一行人走到宫门前,石荒恍然间想起上次在这里被夏取良叫住的场景。正思索时也确实被人叫住了。

“下官参见国师。”

一声起,声声应。

石荒扫了一眼围在此处各自撑着伞的官员,或由下人撑着伞的官员,点了下头。城门未开,守住城门的是宫中禁军,光是这么看,还真看不出来昨日这里还打生打死的模样。

等人聚集得差不多了,头顶传来喊声:

“圣人、太子有请国师、及几位尚书大人入宫。”

话音落下,宫门被拉开,两队官兵手持武器走出,分列两边。

石荒走出,和几位尚书一道撑着伞孤身入了宫。到这个时候了,连个眼神交流都不必,一看就知道是为了什么事。其他官员在宫门口站着,目送几人巍巍然入了宫,而后大门再次关上。

但是宫门关上的那一刻,四周冒出来一堆官兵,戴着斗笠,手里拿着刀,将百官团团围住。百官脸色不虞,但是面面相觑后只是傲然伫立,一句话都没说。

文人自有傲骨,威武不能屈。

石荒几人则是在官兵带领下直接来到御书房,门口收了伞,有黄门接了过去,这才迈步走进房间,然后就看到了上座的景徒雅,他身边站着腰间挎刀的景行韬,而下方的便是景行柏,他身边还跟着四五个带刀的侍卫。

听见动静后几个人各自看来,先是视线在石荒身上停留一瞬后才转头看向石荒身后的六部尚书。

“参见圣人。”石荒抱拳,背挺得笔直意思意思地行了个礼。

六部尚书躬身作揖,“参见圣人,太子殿下,靖王殿下。”

景徒雅抬了抬手,“各位大人免礼。”

“你说家主入宫了?”符管家看向报信的青衣,脸色不大好看。

刚说完,身后有人迈步出了门,“石荒入宫了?什么意思?”

是夏取良。

符管家挥了挥手,青衣退下,脚步在雨水中走过,落地无声。

夏取良看着符管家,眉心拧起。

符管家负手看着院中淅淅沥沥的小雨,道:“这是圣人和太子在逼家主站队。”

夏取良不解,“他为什么要入宫?”

符管家道:“镇南军入京了。”

夏取良顿时明白了。景行韬掌管西南兵权,镇南军八十万,他的站队是极其重要的。而太子逼宫他是必须入京的,或早或晚。一边是皇帝,一边是兄弟,景行韬的站队一定程度上也代表了大周日后的局势。所以石荒必须入宫,他得知晓后续的发展,旁人转述的,都不如自己亲眼见证的。
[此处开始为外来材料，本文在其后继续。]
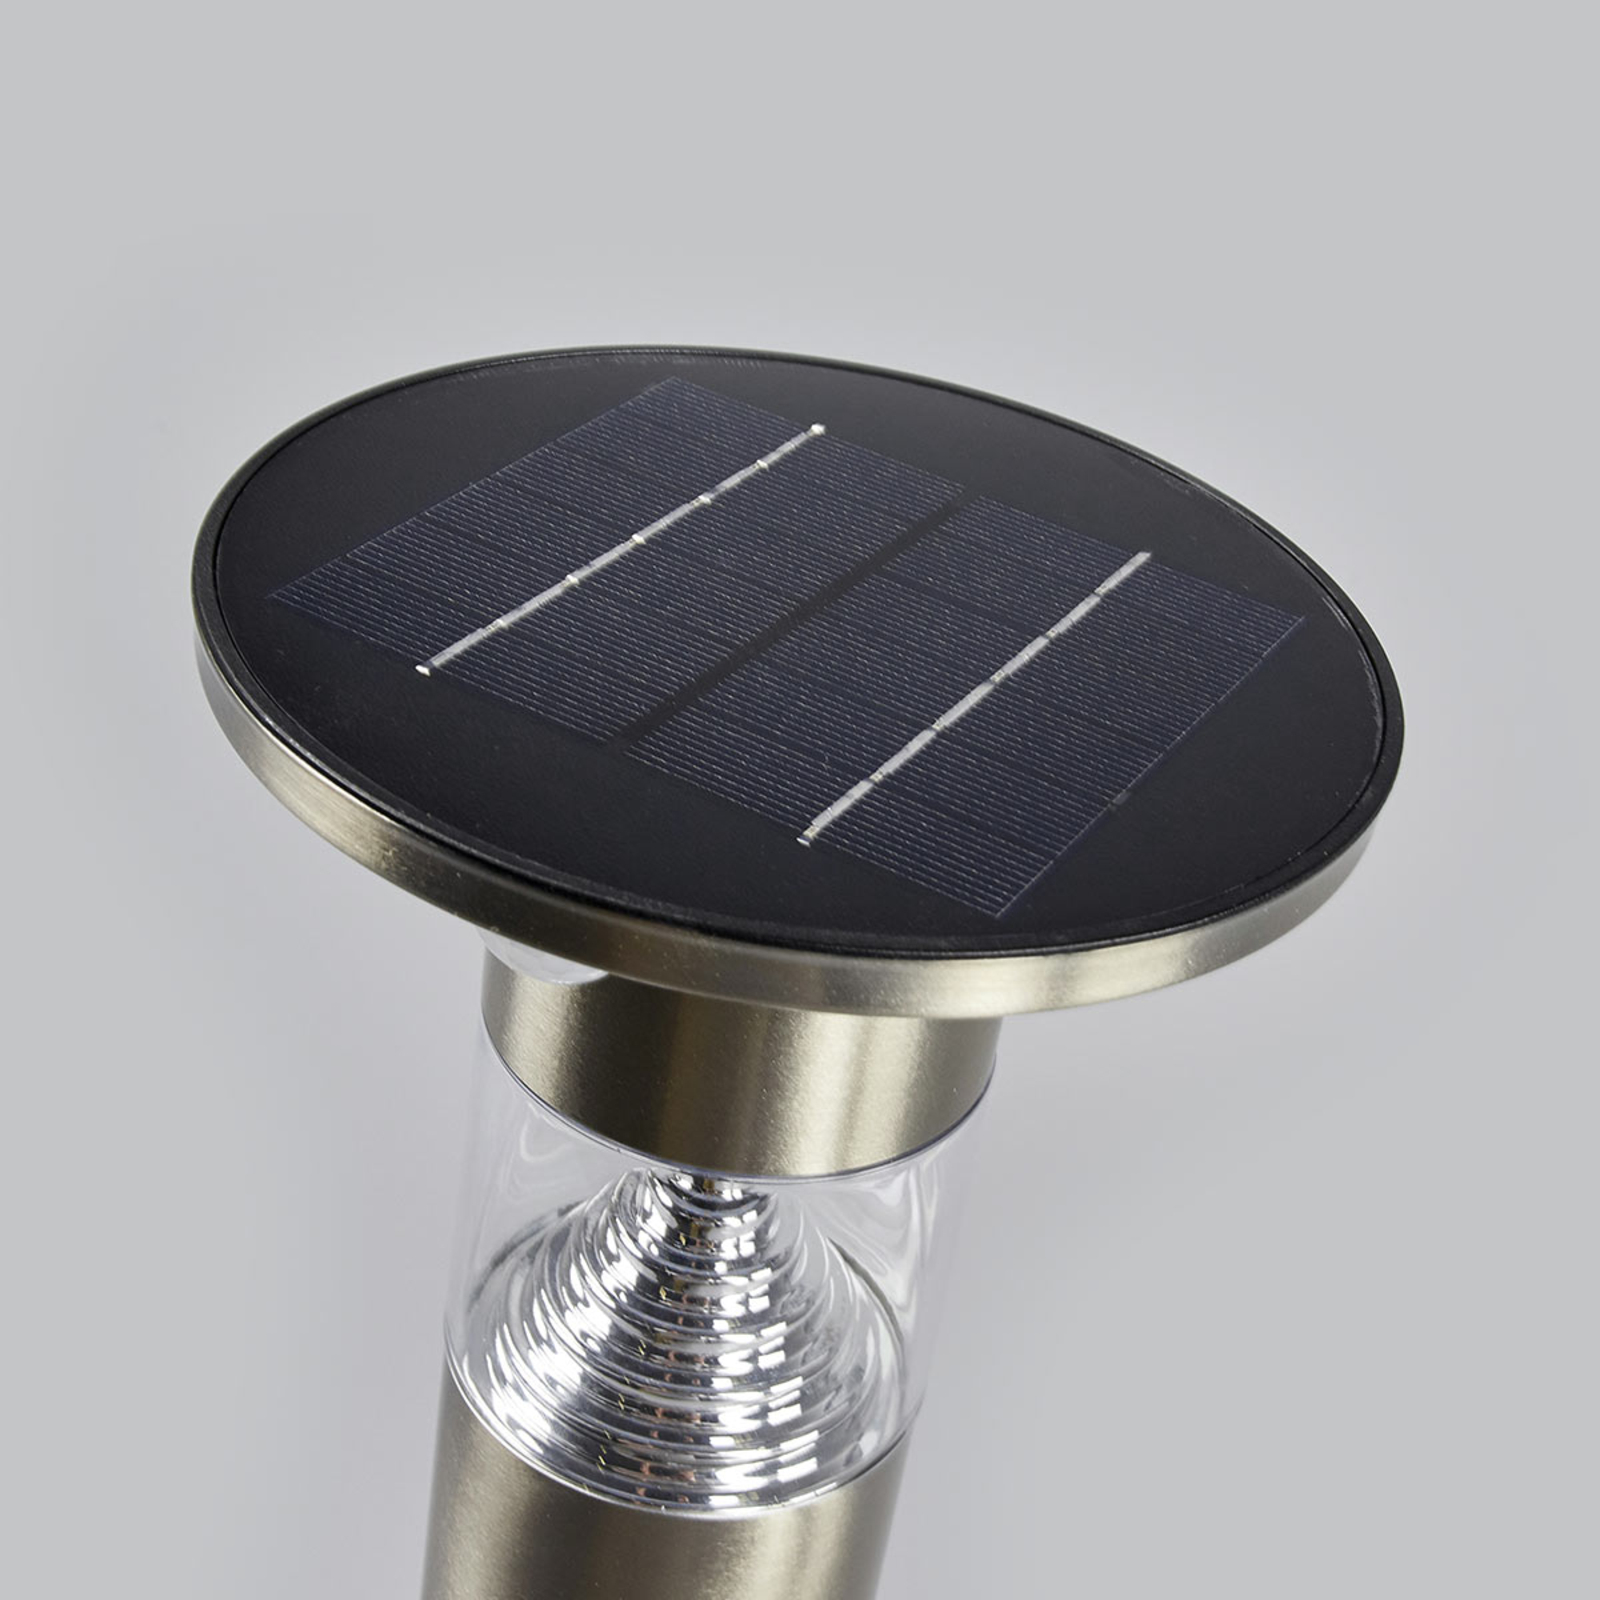 Farola LED Jalisa, tecnología solar y sensor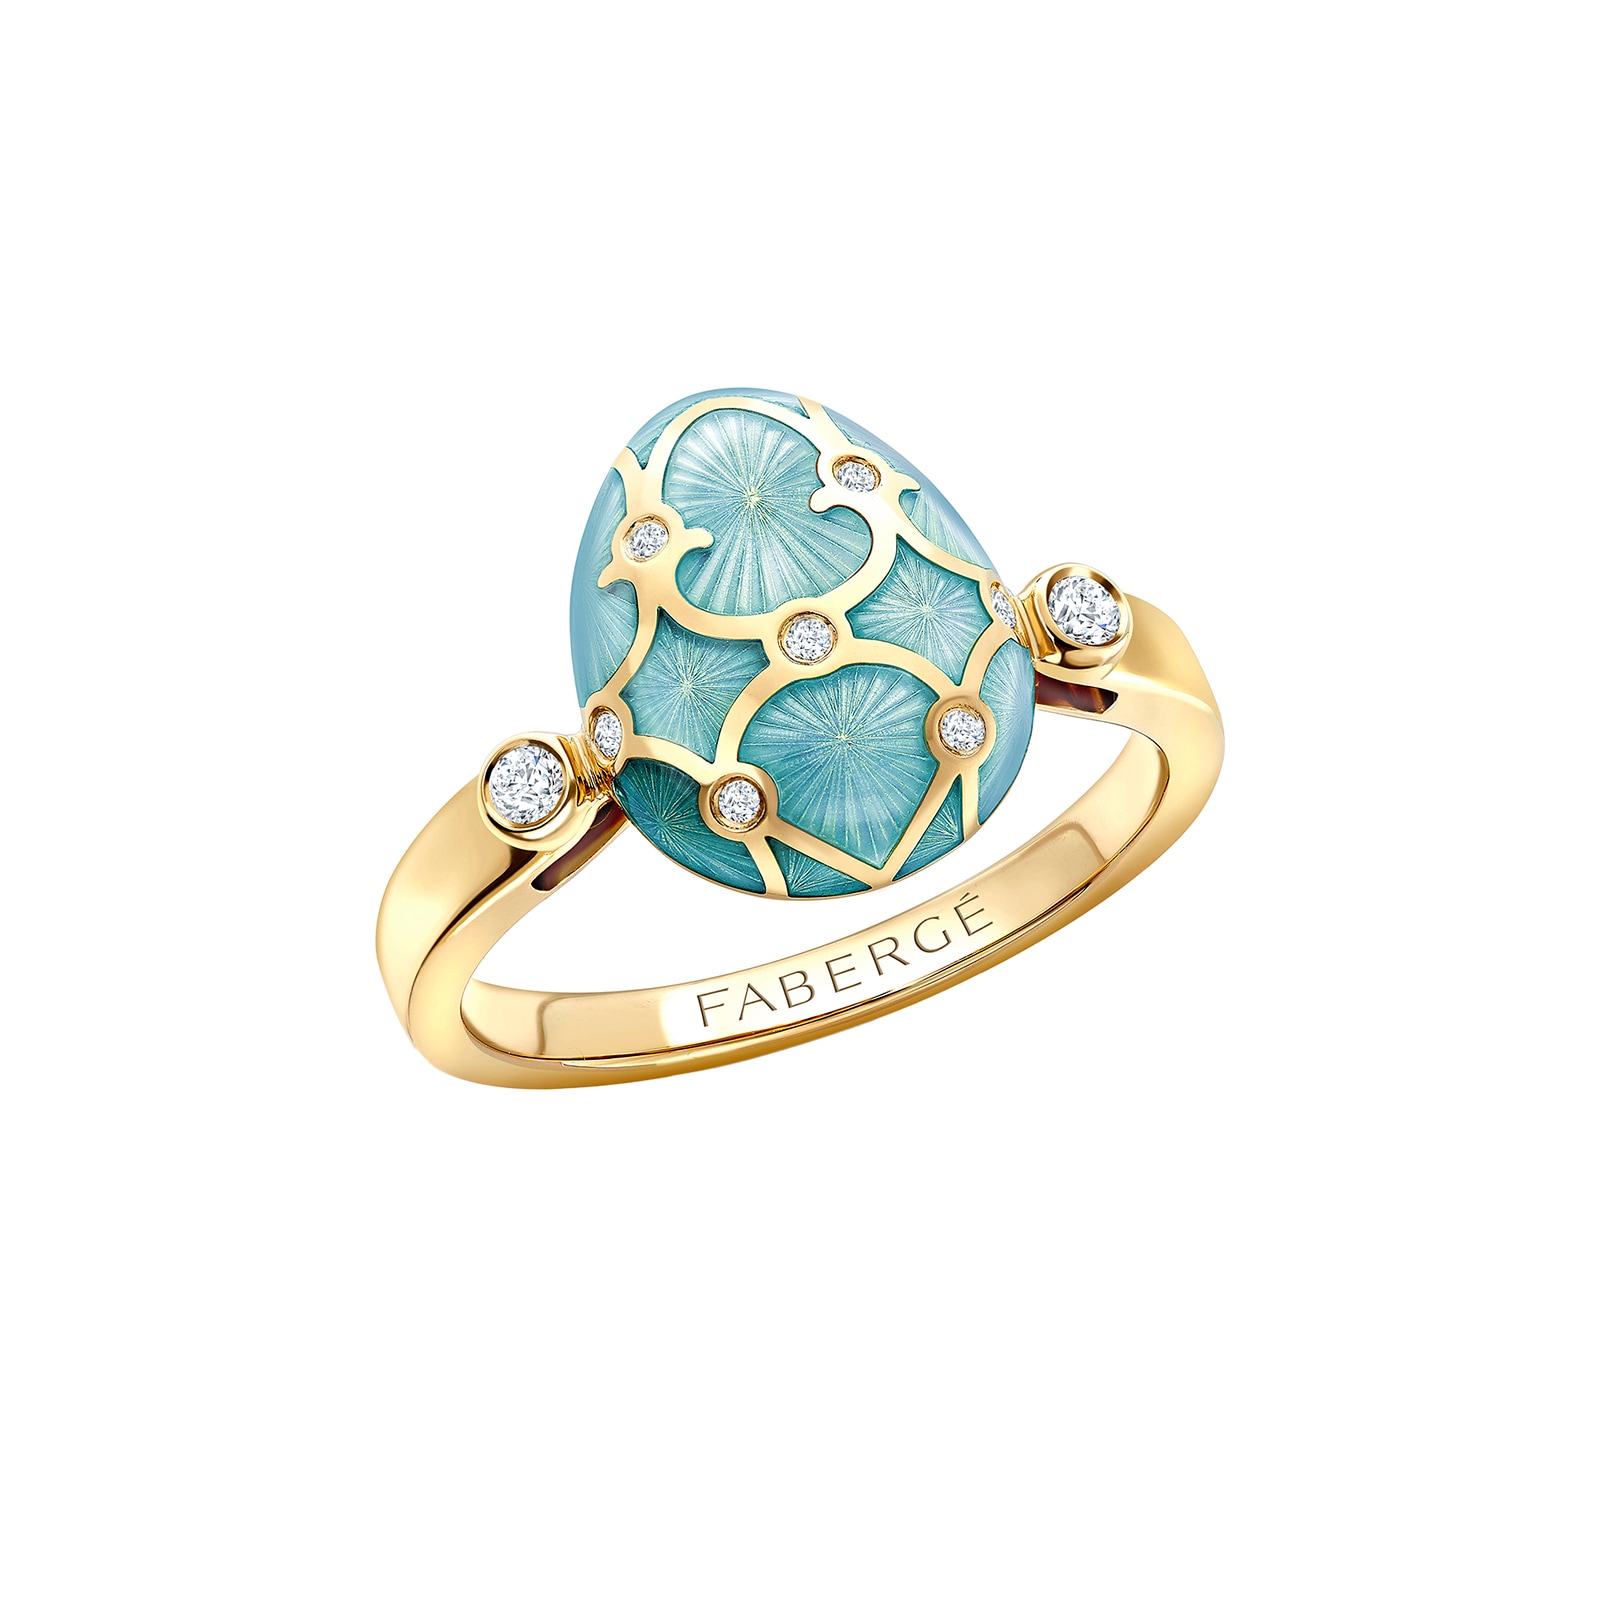 Heritage 18ct Yellow Gold Diamond & Tourquoise Enamel Egg Ring - Ring Size M

夏取良脸色不好看,现在石荒的处境很危险。宫中或许有石氏的人,但是景氏不一定会给石荒反抗的机会,众目睽睽之下,石荒不会给景氏留下针对石氏的把柄,最大的可能就是束手就擒。但是石荒束手就擒,最后很可能落下一个“宁死不屈”的下场。

一想到这点,夏取良心脏“砰砰”乱跳。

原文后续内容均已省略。